*** EXTRACTED DATA Section Begins ***

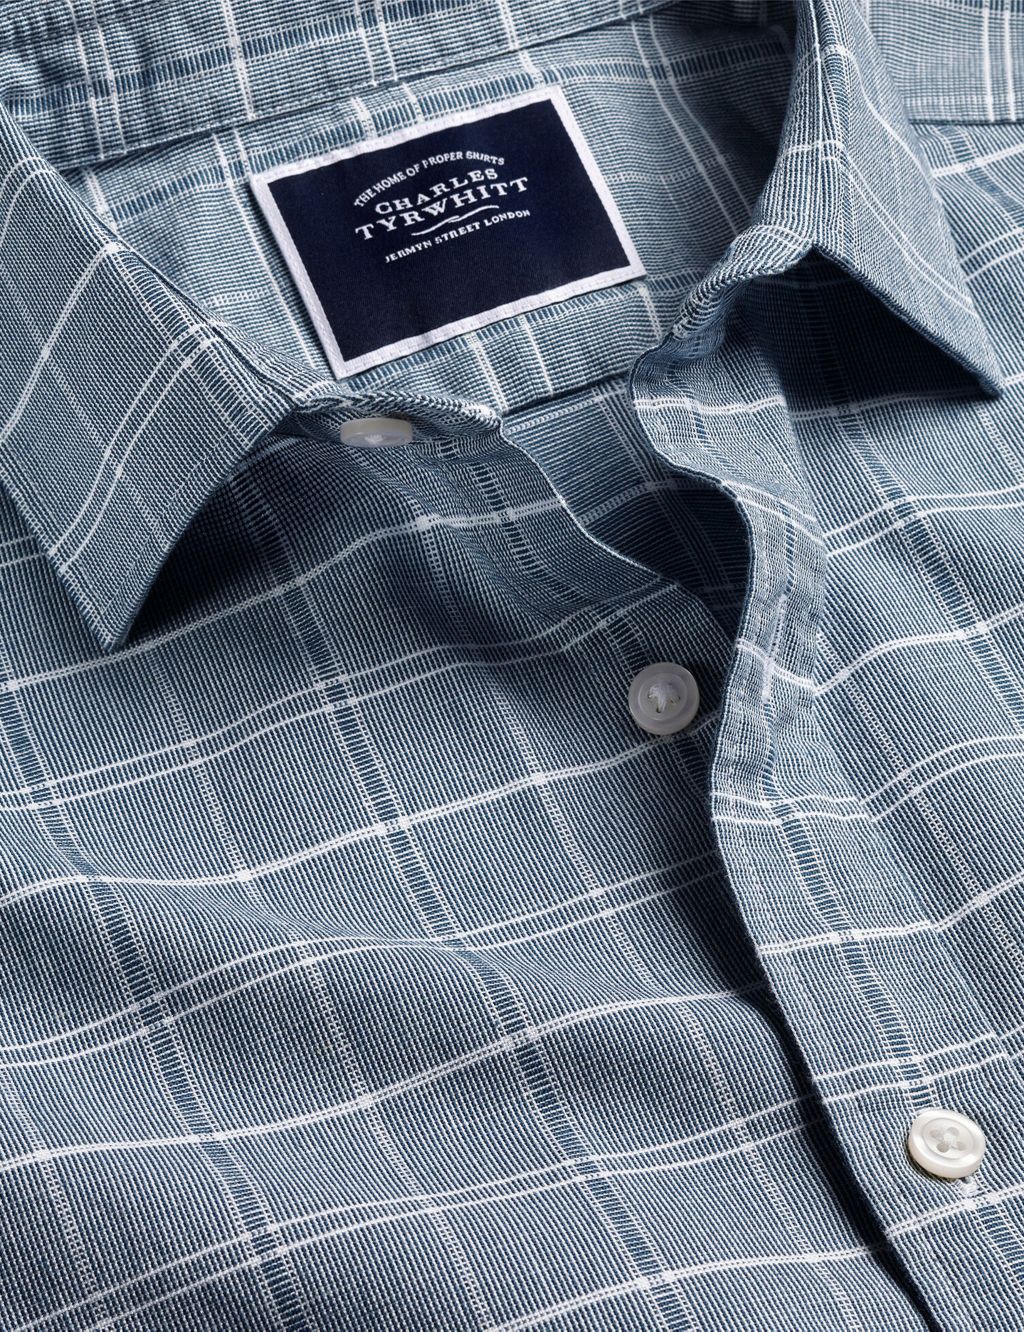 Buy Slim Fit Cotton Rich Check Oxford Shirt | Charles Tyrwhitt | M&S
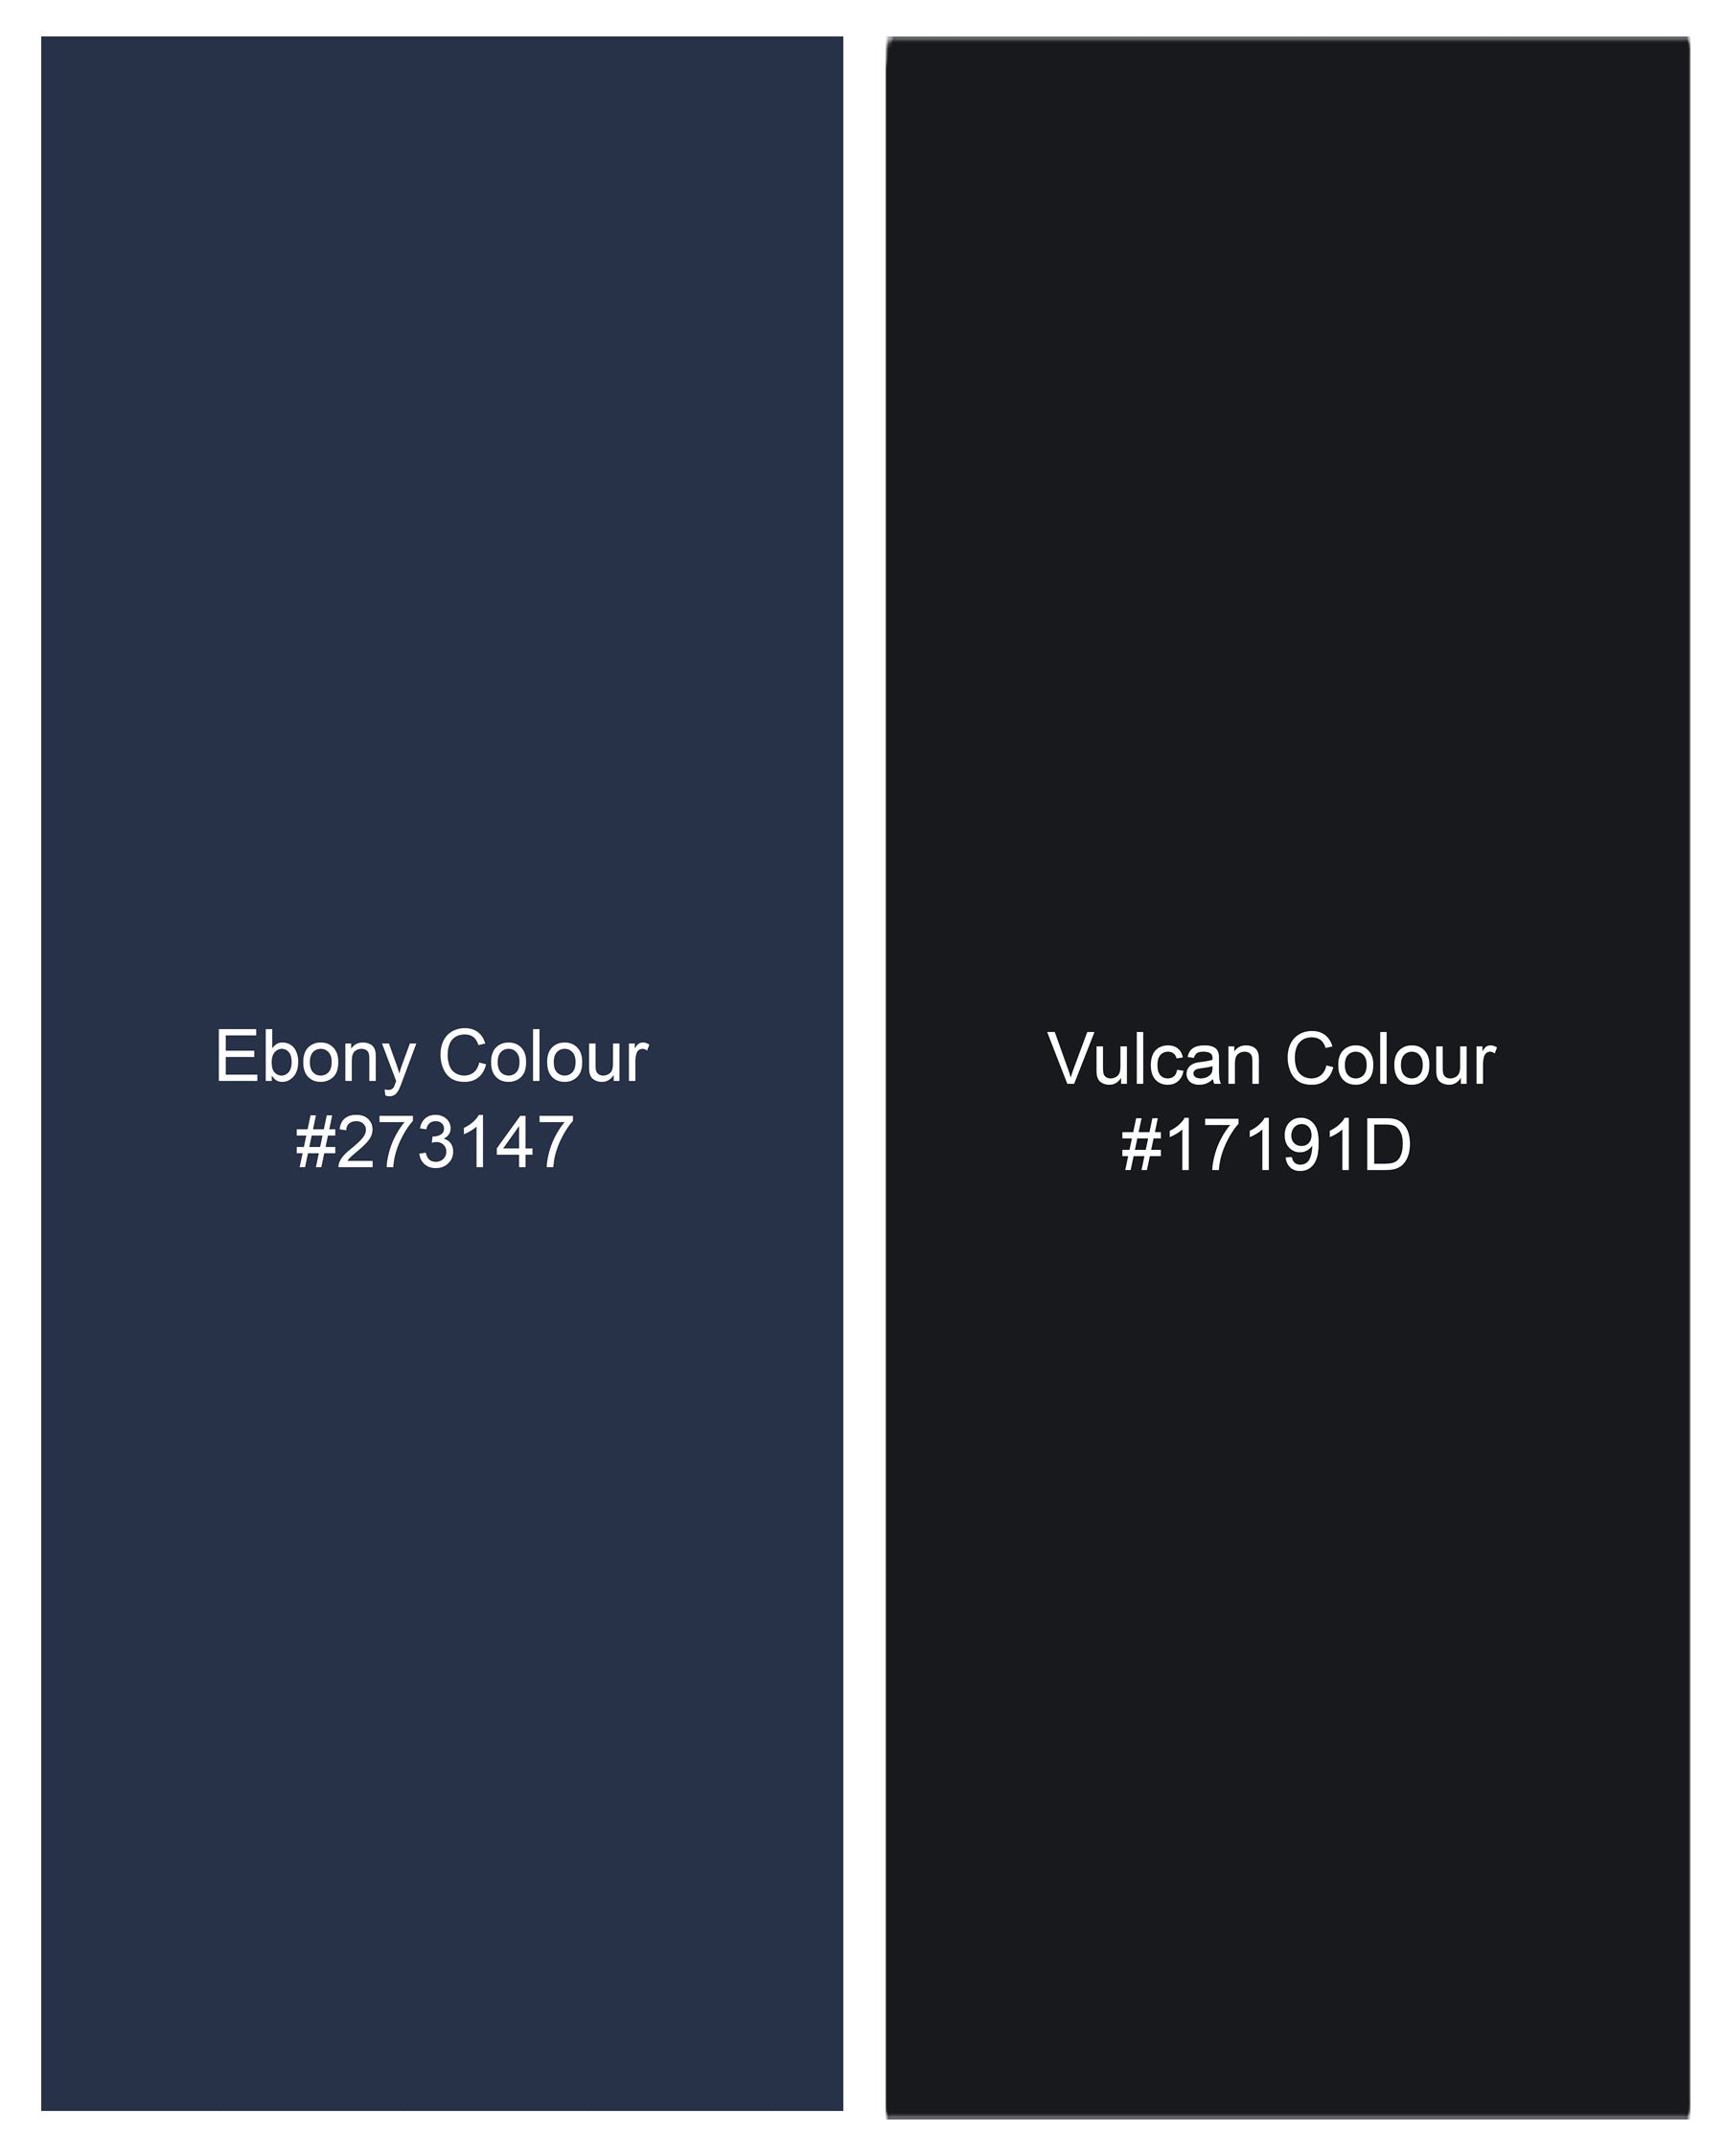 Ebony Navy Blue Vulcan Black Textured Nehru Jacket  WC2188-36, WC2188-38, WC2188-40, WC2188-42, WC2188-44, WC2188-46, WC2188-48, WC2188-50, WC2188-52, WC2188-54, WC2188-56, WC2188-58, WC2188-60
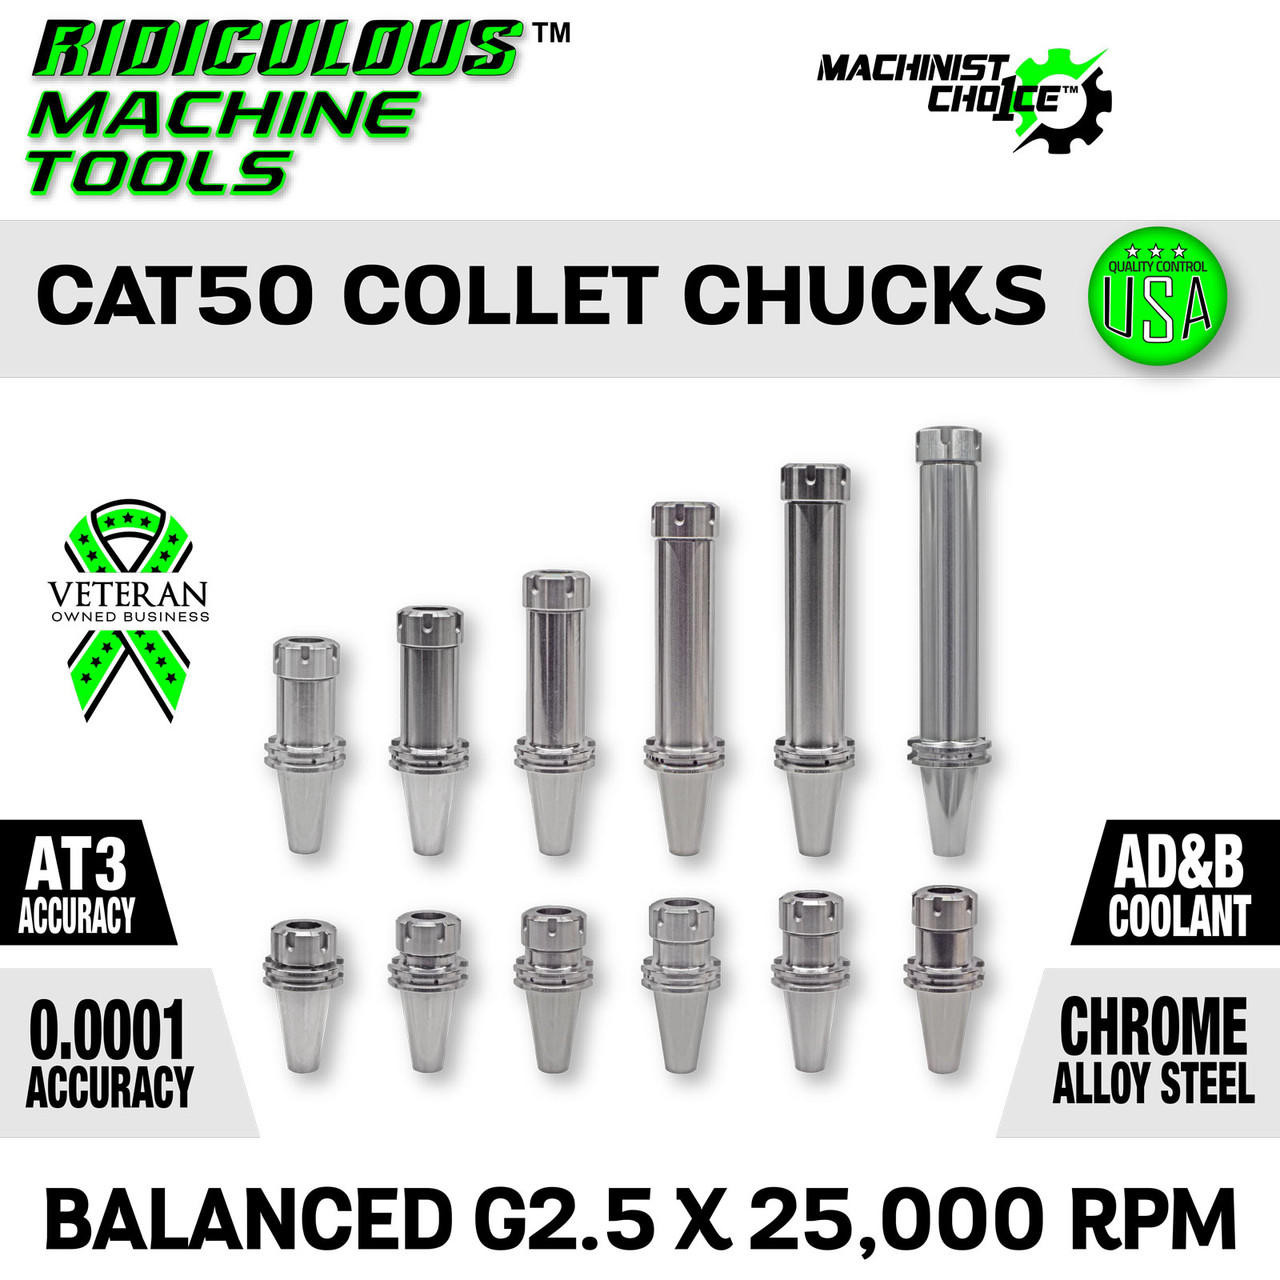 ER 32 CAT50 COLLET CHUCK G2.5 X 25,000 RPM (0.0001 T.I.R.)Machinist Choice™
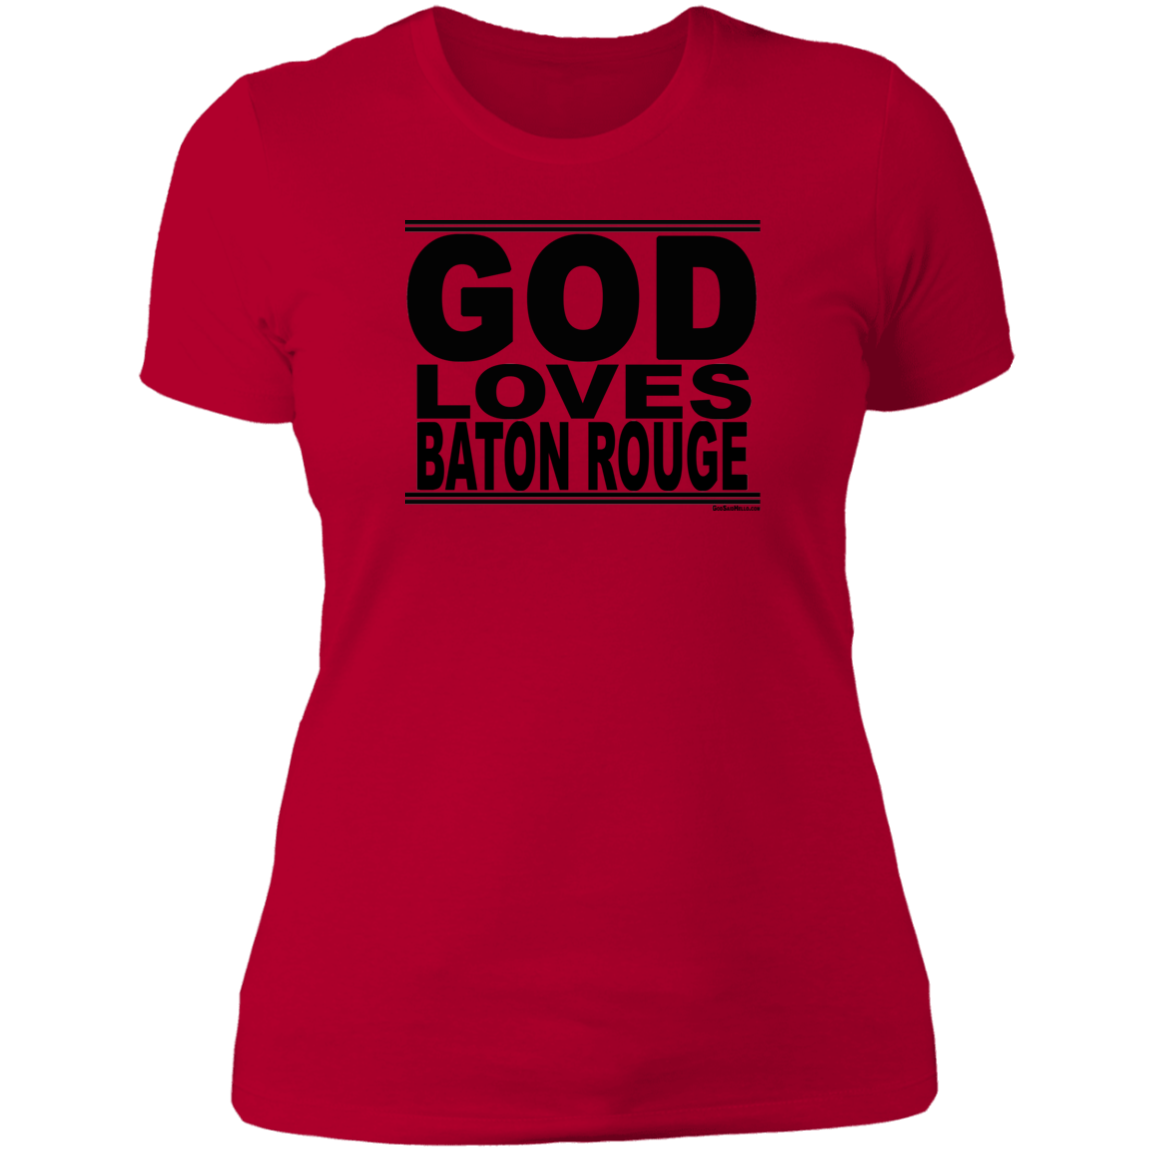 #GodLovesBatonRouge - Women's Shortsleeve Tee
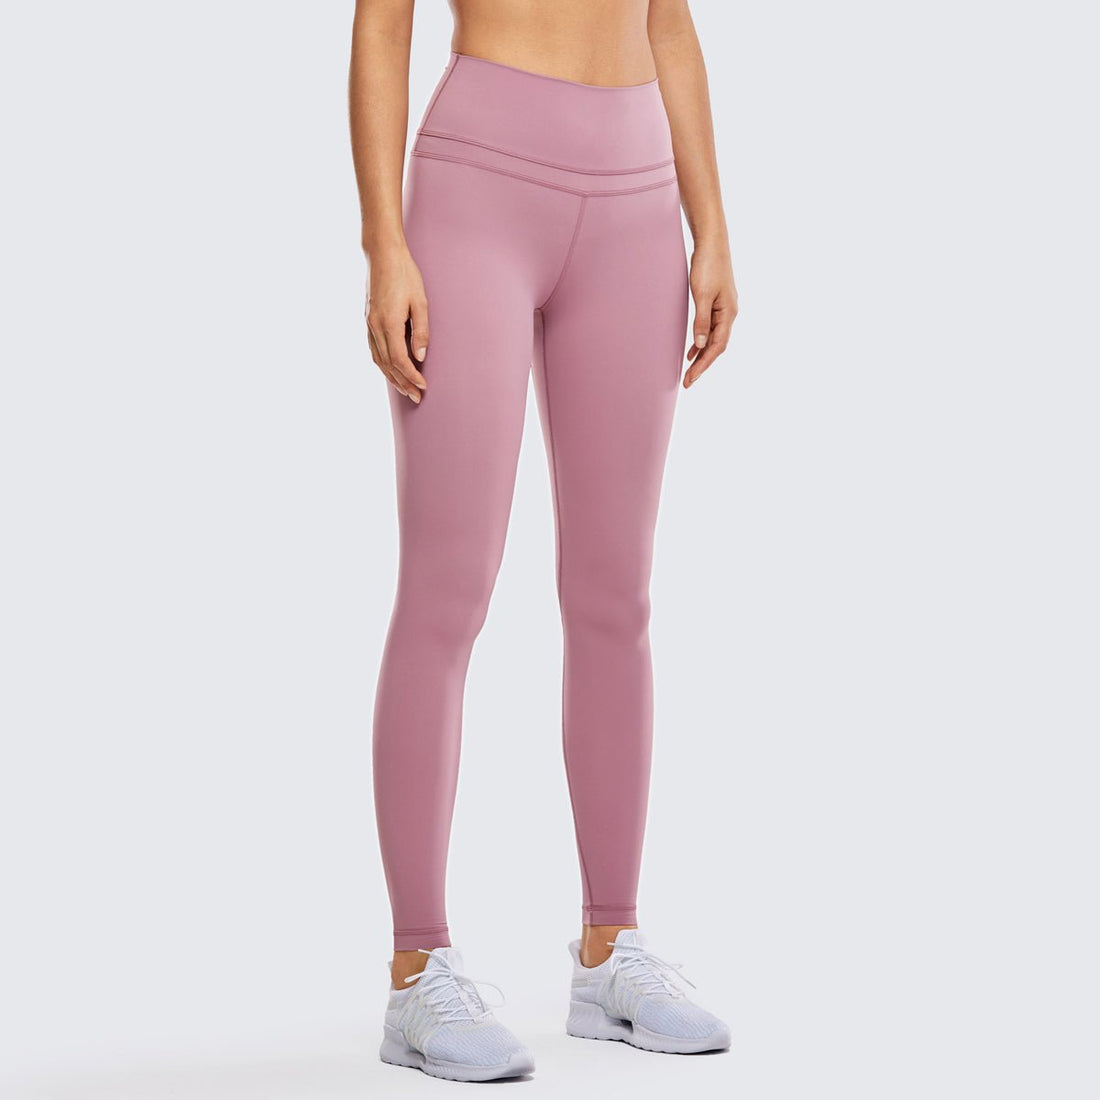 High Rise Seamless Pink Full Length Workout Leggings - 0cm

*** EXTRACTED DATA Section Ends ***

**ACTION ITEM:** Return only the lines from the one that contains "ER 32 CAT50" through the closing line of the data, inclusive, reproduced exactly and with every picture left out.

**ANSWER BOX:**
 ER 32 CAT50 COLLET CHUCK G2.5 X 25,000 RPM (0.0001 T.I.R.)Machinist Choice™
 #GodLovesBatonRouge - Women's Shortsleeve Tee
 High Rise Seamless Pink Full Length Workout Leggings - 0cm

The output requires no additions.